I would agree it is _Saiphos equalis_ as the dark dorsolateral line is wide and the entire side is dark, while it does nor have strong dorsal markings, which contrast with the Eastern Three-toed Skink, _Hemiergis talbingoensis_. Both have an orange or yellow belly but Saiphos has black under the end of the tail. 
For the technically minded, both have a moveable lower eye-lid but that of_ H. talbingoensis_ has a transparent disc while Saiphos does not.

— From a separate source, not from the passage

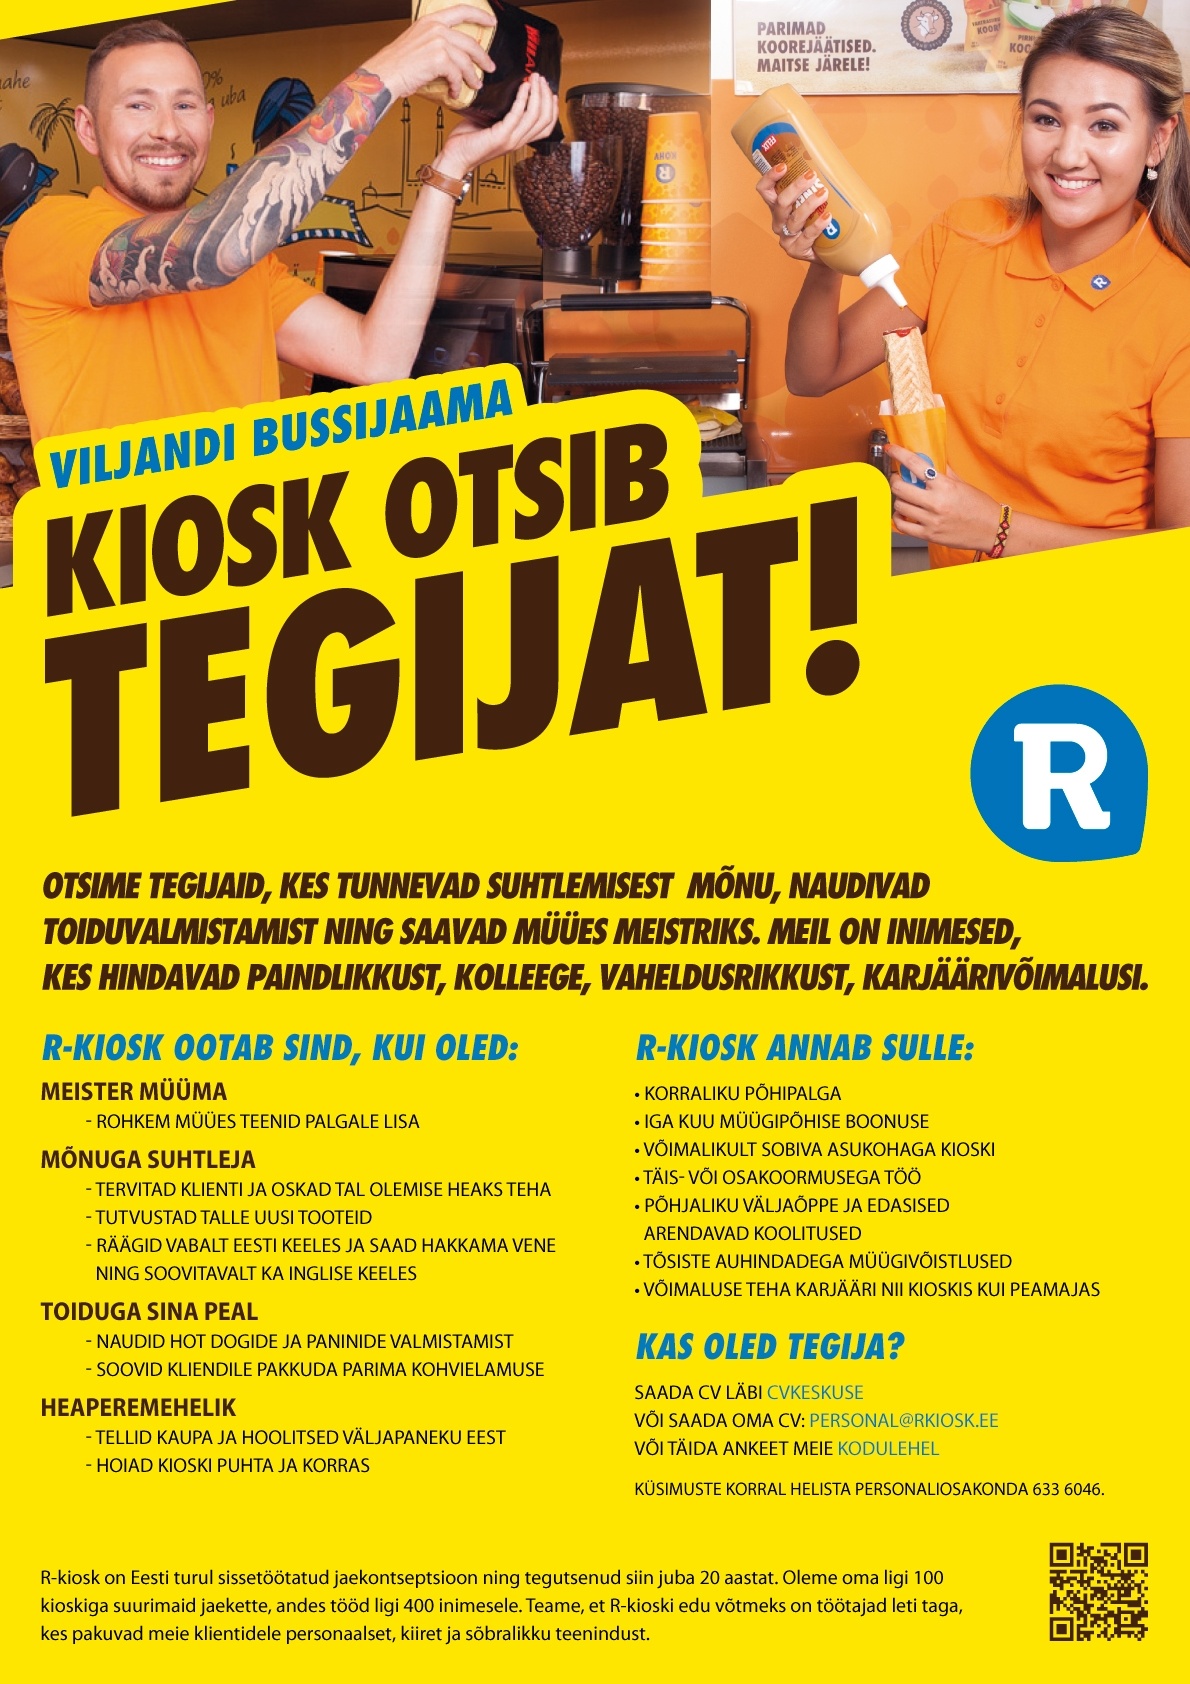 AS R-Kiosk Estonia Klienditeenindaja Viljandi Bussijaama R-kioskisse

These guys shelter in moist areas under rocks or logs in nature or whatever in a yard and spend much of the time cruising through the leaf litter hunting. that is why you would not see see them normally. The fact they are surviving in your garden is a very healthy sign that you are not into using heavy duty chemicals, especially pesticides, and have a healthy layer of organic mulch. 

Blue


----------



## apprenticegnome (Jul 28, 2014)

Thanks all for the replies. The movement, skinny legs and what looked initially like 2 toes or as I put it to the wife a camel toe (turned out to be 3 when I looked closer) were what made me seek an identification. It's fascinating to find something your not used to seeing everyday in the back yard.


----------



## bigg_bunny (Aug 28, 2014)

Three toes are quite common in Newcastle but still a good find.


----------



## Zincubus (Aug 30, 2014)

bigg_bunny said:


> Three toes are quite common in Newcastle but still a good find.



Newcastle UK OR is there one in Australia !?


----------



## apprenticegnome (Aug 30, 2014)

Newcastle Australia. Sorry I didn't put that in the start of the thread, I didn't even think about our twin in the UK.


----------